Elle est au bord du gouffre. Encore un peu et elle deviendra une esclave de la consommation, une zombie. Soudain… une voiture klaxonne dans l'avenue qui longe le magasin. Nicole lève les yeux. C'est une Peugeot. Ça fait tilt dans sa tête comme le chant du coq. Elle est sauvée, le charme est rompu.

"Vade retro, Satana, crie-t-elle au masque, jamais je ne m'abaisserai à embrasser le symbole de la domination mondiale!"

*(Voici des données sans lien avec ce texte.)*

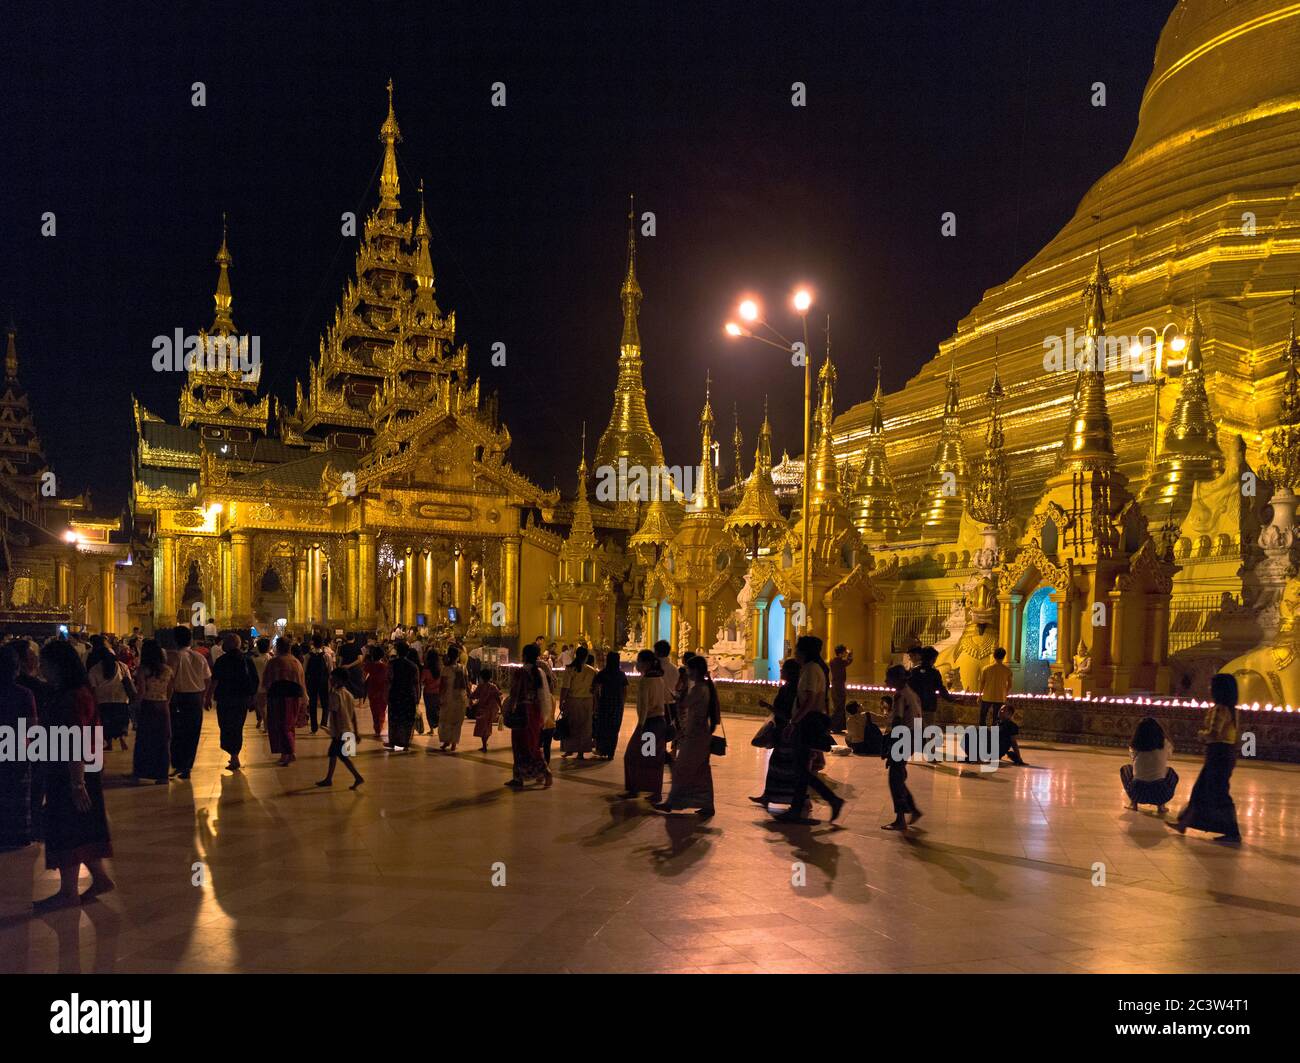 dh Shwedagon Pagodentempel YANGON MYANMAR Massen buddhistische Tempel Nacht Große Dagon Zedi Daw goldenen Stupa Blattgold Menschen burma Stockfoto

Le diable pousse un hurlement de grand brûlé et s'enfuit, ébouillanté.

Nicole est rentrée par le premier avion. Devant son air déterminé, les douaniers n'ont pu que s'incliner. Elle a eu beaucoup de chance. Avec ses économies, elle s'est acheté une 306 et une caravane. Pour elle, les prochaines vacances, c'est la Camargue.»

Oncle Guillaume se tut, enfila son imperméable et sortit sans un au revoir.

Nous restâmes silencieux quelque temps. Puis le facteur mit sa casquette:

«L'entrée du magasin, je crois savoir où elle est. Nicole n'a pas pensé au métro. Une entrée souterraine. Ce serait un peu comme le BHV à Paris.»

Nous le regardâmes, effrayés.

«C'est possible, dit mon père, mais surtout ne va pas le raconter à oncle Guillaume, on ne sait pas comment il pourrait le prendre. T'as vu comme il est nerveux?

– Grave, acquiesça le docteur Soubise. Si seulement le patron s'était abstenu de son commentaire déplacé.

– Ohé, doucement, s'énerva le patron, je n'ai rien dit de mal. Et si tu n'es pas content, le blanc-bec à sa maman, je ne te retiens pas chez moi. Et toi, le facteur, tu me dois une sacrée ardoise.»